2 of 478 steps (0.42%) done
[Mon Oct 21 13:21:33 2019]
rule rnaseqc:
input: star/RNA-seq_L249_S3_L001/RNA-seq_L249_S3_L001Aligned.sortedByCoord.out.bam, data/gencode.v19.annotation.patched.collapsed.gtf
output: rnaseqc/RNA-seq_L249_S3_L001/RNA-seq_L249_S3_L001.exon_reads.gct, rnaseqc/RNA-seq_L249_S3_L001/RNA-seq_L249_S3_L001.gene_fragments.gct, rnaseqc/RNA-seq_L249_S3_L001/RNA-seq_L249_S3_L001.gene_reads.gct, rnaseqc/RNA-seq_L249_S3_L001/RNA-seq_L249_S3_L001.gene_tpm.gct, rnaseqc/RNA-seq_L249_S3_L001/RNA-seq_L249_S3_L001.metrics.tsv
log: logs/rnaseqc/RNA-seq_L249_S3_L001
jobid: 243
wildcards: sample=RNA-seq_L249_S3_L001
我正在使用 Conda 提供的最新版本的 Snakemake:
5.5.2
也许您正在寻找的是与规则 运行ning rnaseqc 相比,给予规则 运行ning STAR 更高的优先级。如果是这样,请查看 priorities 指令,例如:
rule star:
priority: 50
...
rule rnaseqc:
priority: 0
...
(未测试)这应该 运行 首先是所有明星作业,一次一个,因为它们每个需要 18 个内核,然后是并行的所有 rnaseqc 作业。
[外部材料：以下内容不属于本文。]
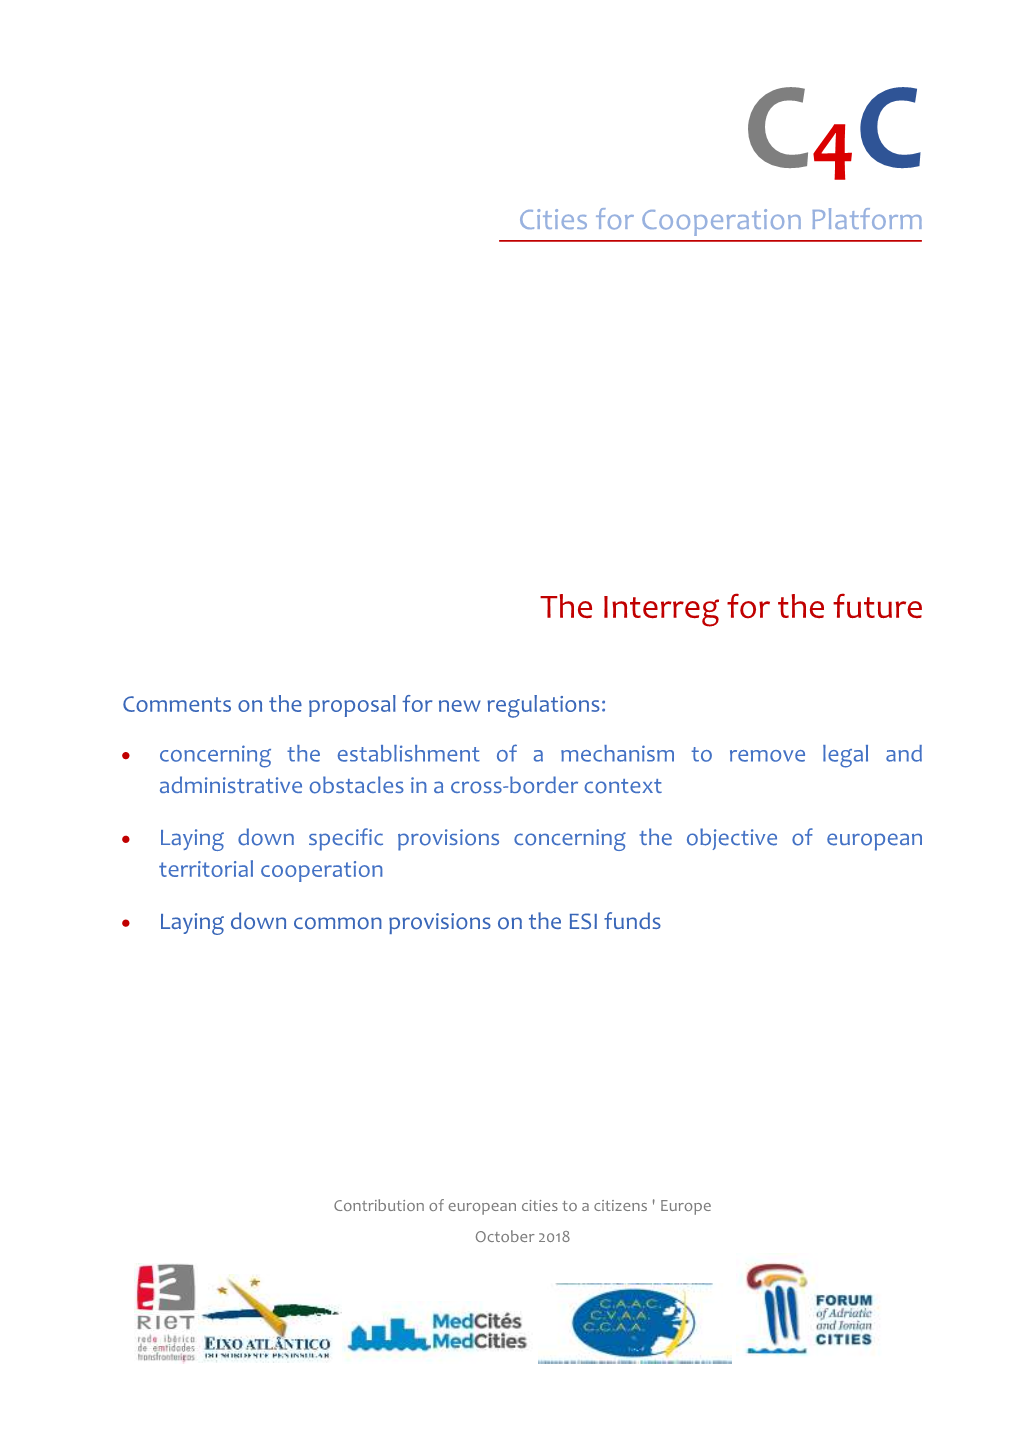 The Interreg for the Future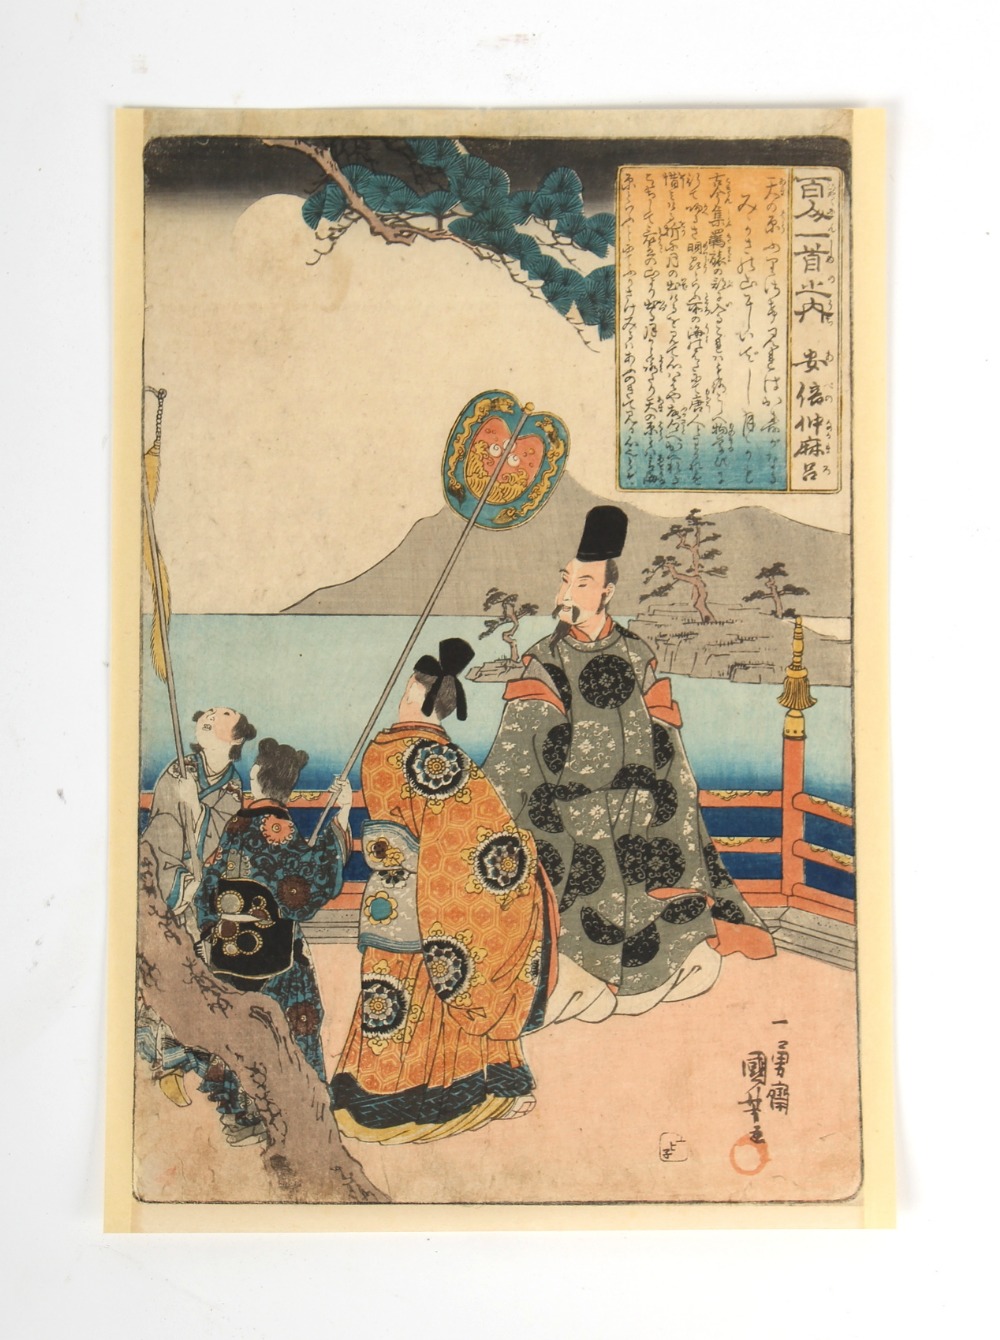 A collection of Japanese woodblock prints - Kuniyoshi Utagawa (1798-1861) - The Poet Abe no Nakamaro

在有 j 个内核的机器上,给定一个依赖于 RuleA 的 RuleB,我希望 Snakemake 执行我的工作流程如下:
RuleA Sample1 using j threads
RuleA Sample2 using j threads
...
RuleA SampleN using j threads
RuleB Sample1 using 1 thread
RuleB Sample2 using 1 thread
...
RuleB SampleN using 1 thread
RuleB 同时在 j
个样本上执行。
相反,工作流执行如下:
RuleA Sample1 using j threads
RuleB Sample1 using 1 thread
RuleA Sample2 using j threads
RuleB Sample2 using 1 thread
...
每次对 1 个样本执行规则 B。
按该顺序执行,ruleB 无法并行化,并且工作流 运行 比原来慢得多。
更具体地说,我想使用 STAR 将读数与基因组进行比对,并使用 RNASeQC 对其进行量化。 RNASEQC 工具是单线程的,而 STAR 可以在单个样本上使用多个线程。
这导致 Snakemake 比对样本 1 中的读取,然后使用 rnaseqc 对其进行量化,之后它继续在样本 2 中执行相同的操作。我希望它首先读取所有样本,然后继续对它们进行量化(这样,它就能够 运行 单线程 rnaseqc 工具的多个实例)。
Snakemake 文件的相关摘录:
sample_basename = ["RNA-seq_L{}_S{}".format(x, y) for x,y in zip(range(1,41), range(1,41))]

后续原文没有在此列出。